Verspreiding en habitat

angiosperms: terrestrische, aquatische of epifyten. Ze bevinden zich over de hele planeet, voornamelijk in de Amerikaanse tropen en in de Amazone..

naaktzadigen: land. Ze bevinden zich in het tropische deel van de planeet en in de gematigde zones van beide hemisferen.

Voorbeelden

angiosperms: Ceder, cica, ginkgo biloba, grenen en redwood.

naaktzadigen: avocado, chrysanthemum, cherimoya, zonnebloem en magnolia.

Reproductieve verschillen tussen angiospermen en gymnospermen

Reproductieve structuren

angiosperms: de bloemen.

naaktzadigen: de strobili.

Levenscyclus

angiosperms: vaak seizoensgebonden.

naaktzadigen: eeuwigdurend.

Reproductief systeem

angiosperms: Het voortplantingssysteem bevindt zich in unisex- of biseksuele bloemen.

naaktzadigen: is het voortplantingssysteem unisexueel en met kegels, ananas of strobilus.

gametofitos

angiosperms: erg klein, de mannelijke 2-3 cellen, het vrouwelijke van 8 cellen of minder.

naaktzadigen: mannelijk gevormd door verschillende cellen, de vrouwelijke is meercellig, weinig verminderd.

Mannelijke gameten

angiosperms: geen gameten zijn aanwezig, alleen spermatische kernen.

naaktzadigen: ze zijn flagellated en mobiel.

bevruchting

angiosperms: dubbele bevruchting optreedt, vaak door syncopegamie en afwezig archegonium.

naaktzadigen: Bevruchting is eenvoudig, syncopegamie of zoidiogamie en archegonia is aanwezig.

eierkiem

angiosperms: bitegmico, met twee integumenten, ingesloten in een eierstok.

naaktzadigen: unitégmico, met een enkele tegument, naakt.

zaden

angiosperms: ze worden beschermd binnen een vrucht.

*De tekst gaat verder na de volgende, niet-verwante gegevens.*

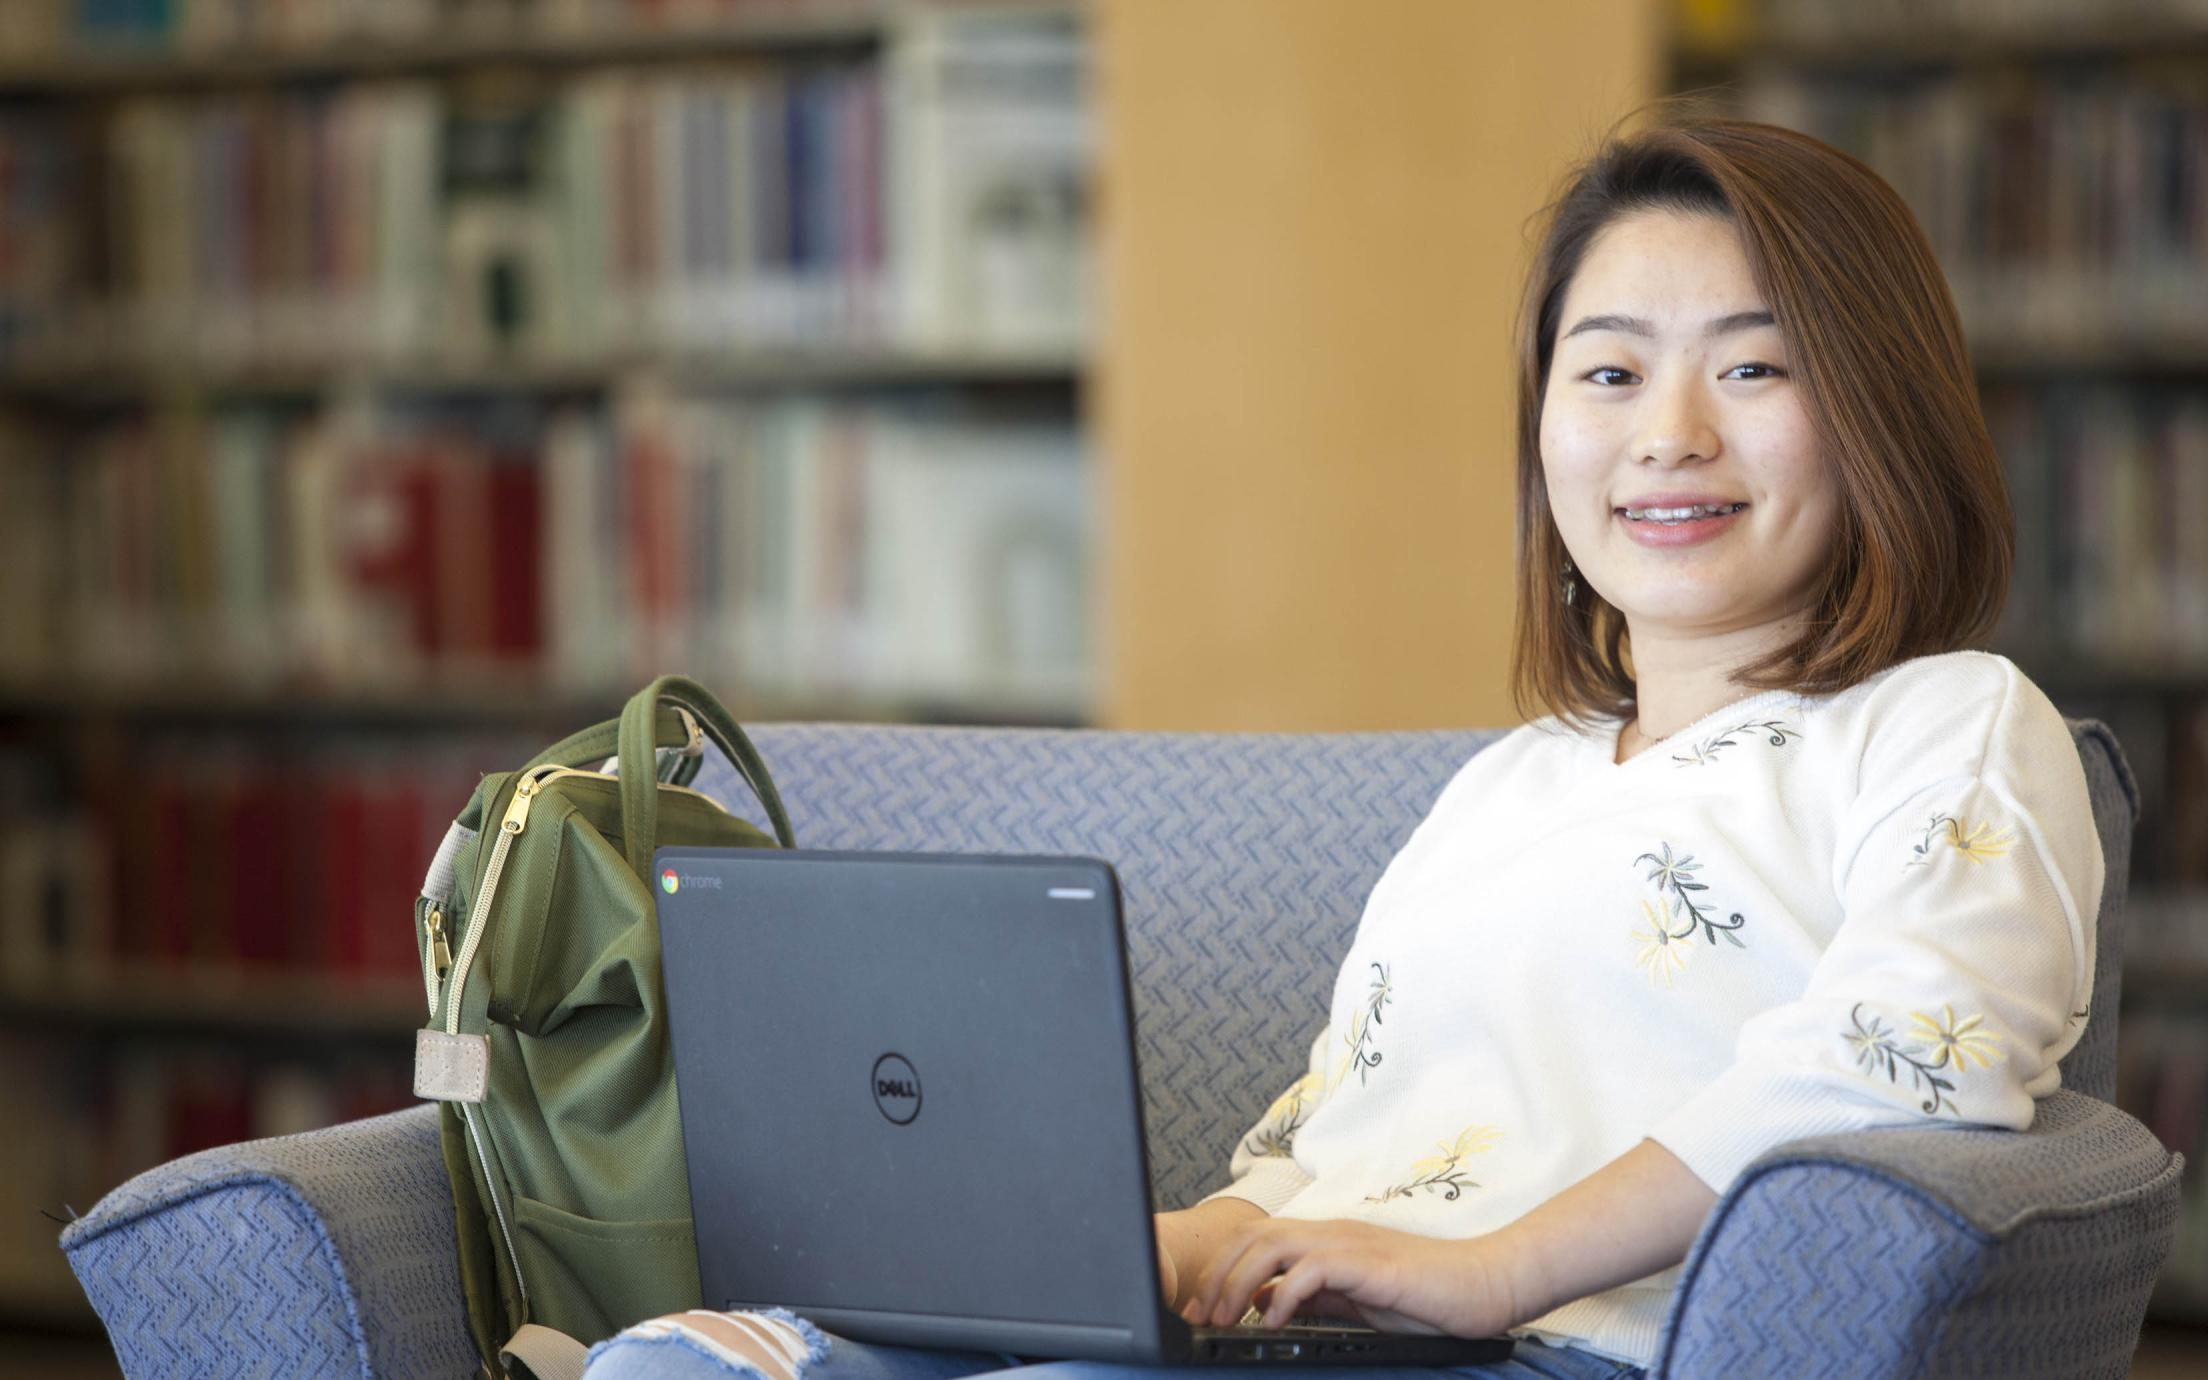 Bachelor of Arts, Minor in Digital Media

Ze presenteren een of twee zaadlobben.

naaktzadigen: het zaad is naakt, verstoken van een beschermende structuur. Ze presenteren talrijke zaadlobben.

bloem

angiosperms: in wezen hermafrodiete bloemen.

naaktzadigen: uniseksueel.

schutbladeren

angiosperms: bloem bracteada (met 1 of 2 profilos) en met bloemdek samengesteld uit bloembladen en kelkblaadjes.

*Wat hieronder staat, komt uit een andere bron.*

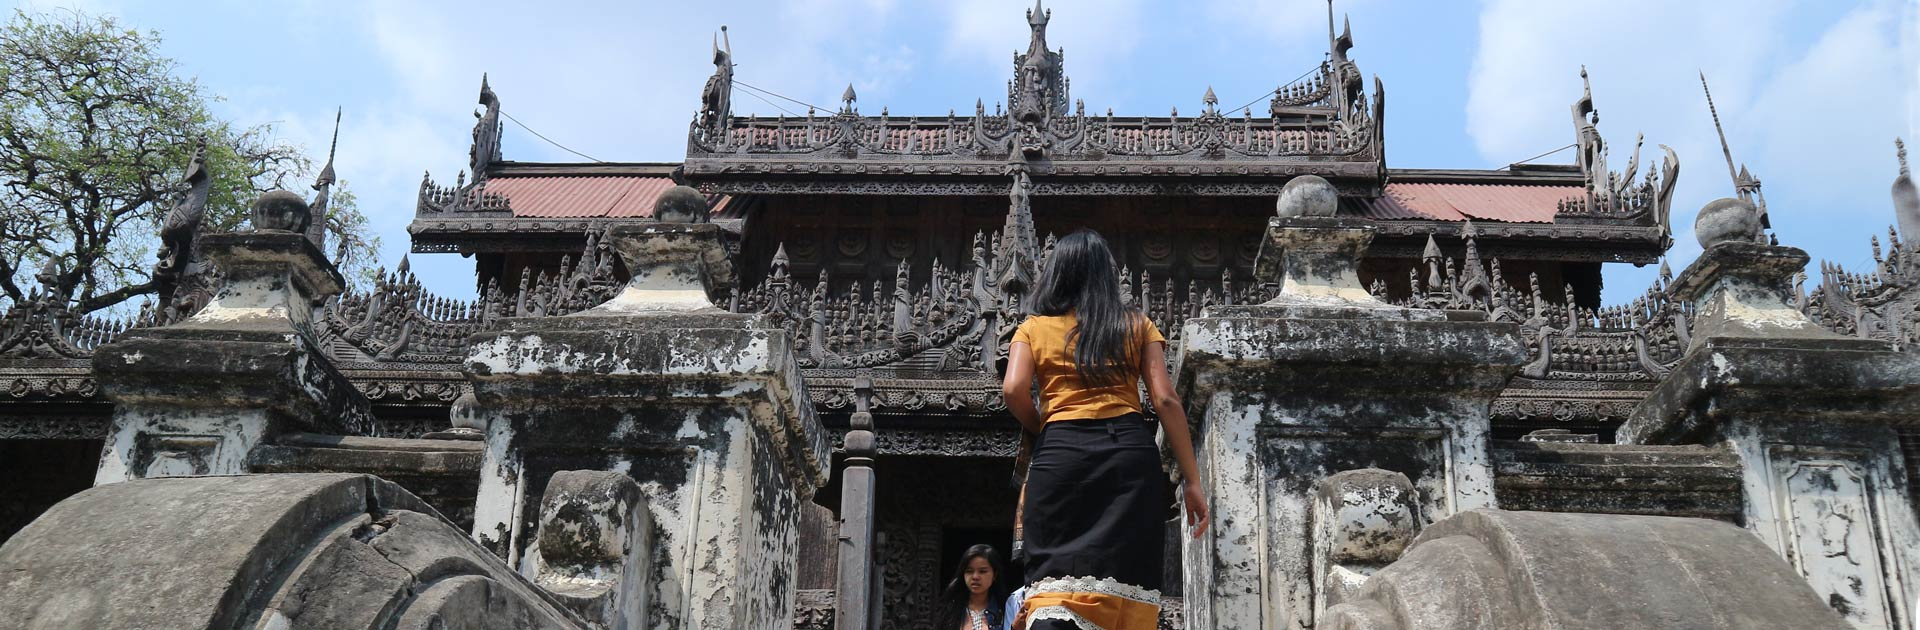 MM Myanmar Tierra Sagrada 17 días 2

naaktzadigen: bloem bracteada van het type acclamídeas, zonder bloemdek.

bestuiving

angiosperms: normaal gesproken door zoofilie (transportmiddel zijn de dieren). Indirect: stuifmeel wordt gevangen door stigma.

naaktzadigen: voor anemofilie (transportmiddel is de wind). Direct, stuifmeel wordt gevangen door de zaadknop.

Dispersie-eenheid

angiosperms: de vrucht (zaad omringd door de carpelmuur).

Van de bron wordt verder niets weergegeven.